• _EXERCISE DESCRIPTION_:
The full listing, copied exactly and free of pictures, is the expected reply.

• _INFORMATION SUPPLIED_:
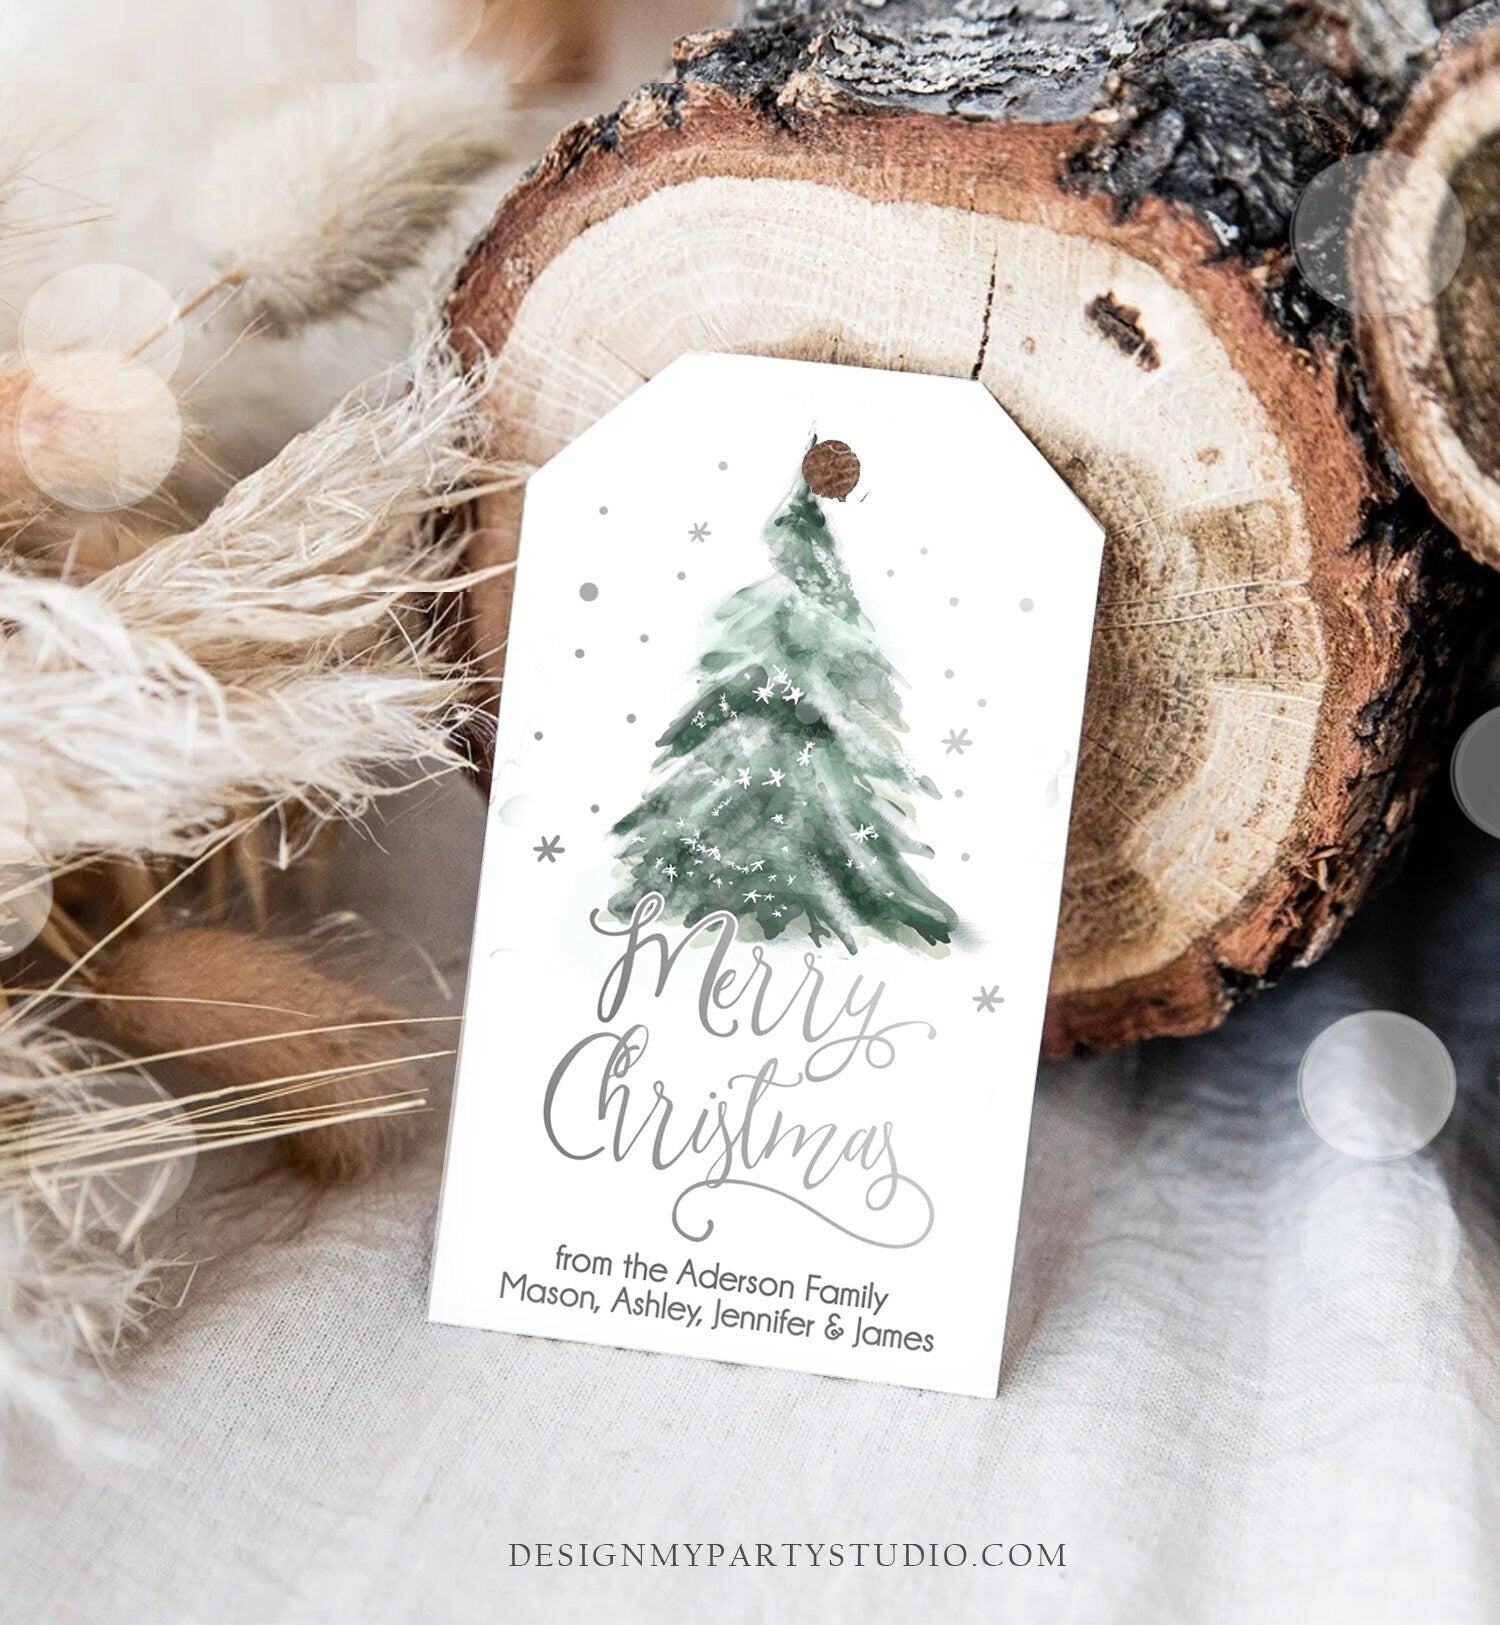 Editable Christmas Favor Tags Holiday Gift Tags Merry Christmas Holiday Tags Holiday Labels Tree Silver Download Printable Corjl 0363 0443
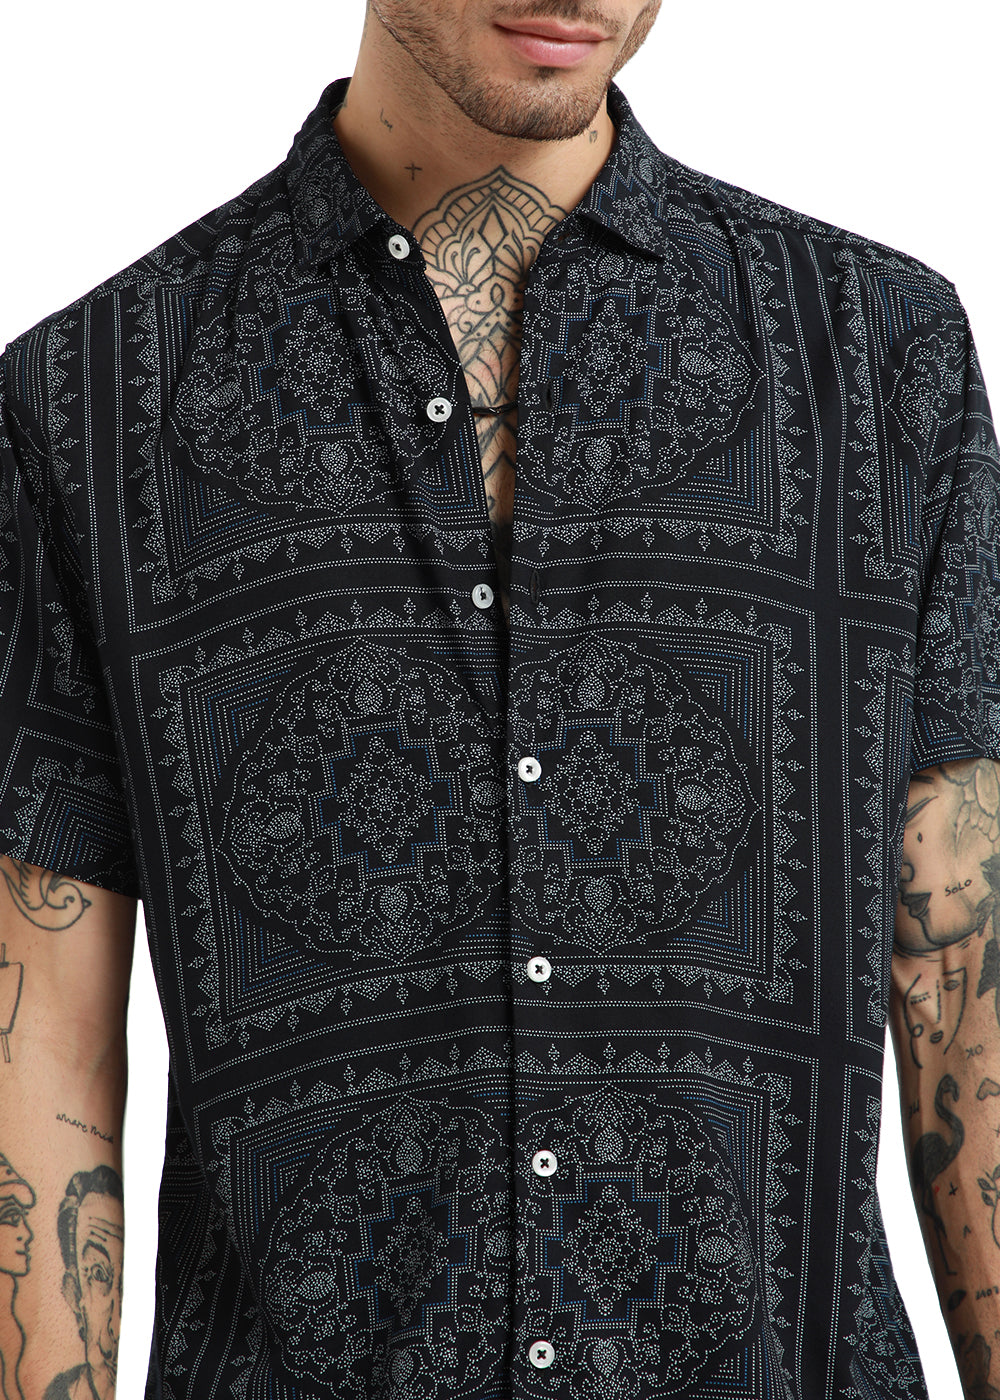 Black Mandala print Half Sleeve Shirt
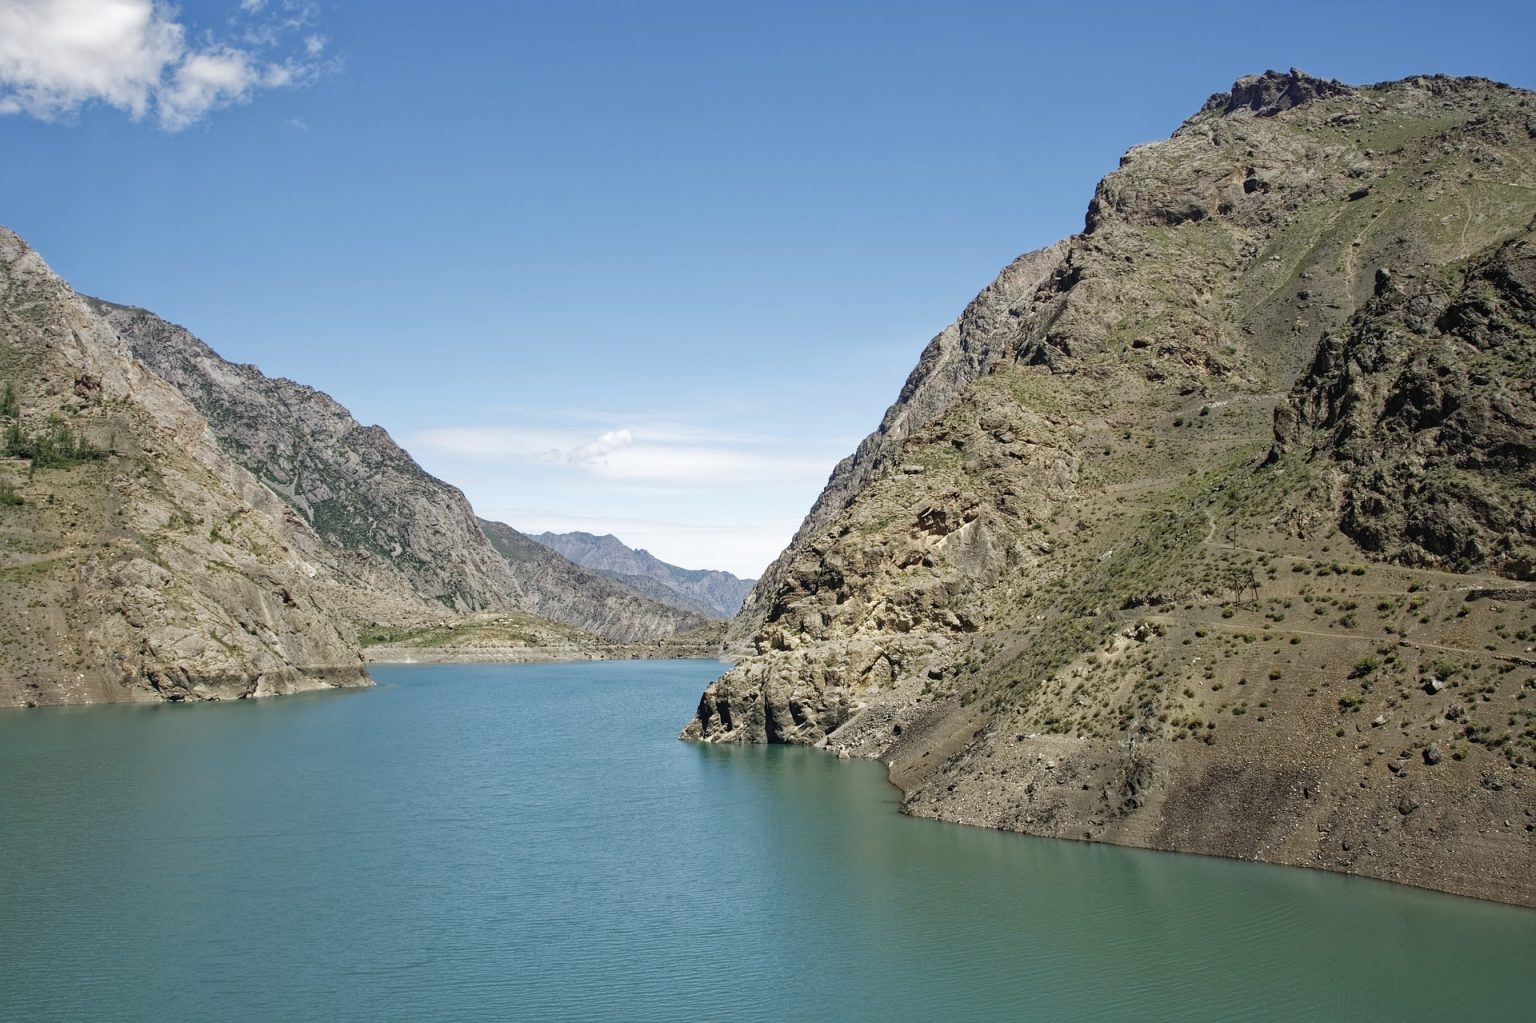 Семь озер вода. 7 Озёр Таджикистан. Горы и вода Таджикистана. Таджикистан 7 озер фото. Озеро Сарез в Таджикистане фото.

• _FINISHED TASK_:
 Editable Christmas Favor Tags Holiday Gift Tags Merry Christmas Holiday Tags Holiday Labels Tree Silver Download Printable Corjl 0363 0443
 Black Mandala print Half Sleeve Shirt
 Семь озер вода. 7 Озёр Таджикистан. Горы и вода Таджикистана. Таджикистан 7 озер фото. Озеро Сарез в Таджикистане фото.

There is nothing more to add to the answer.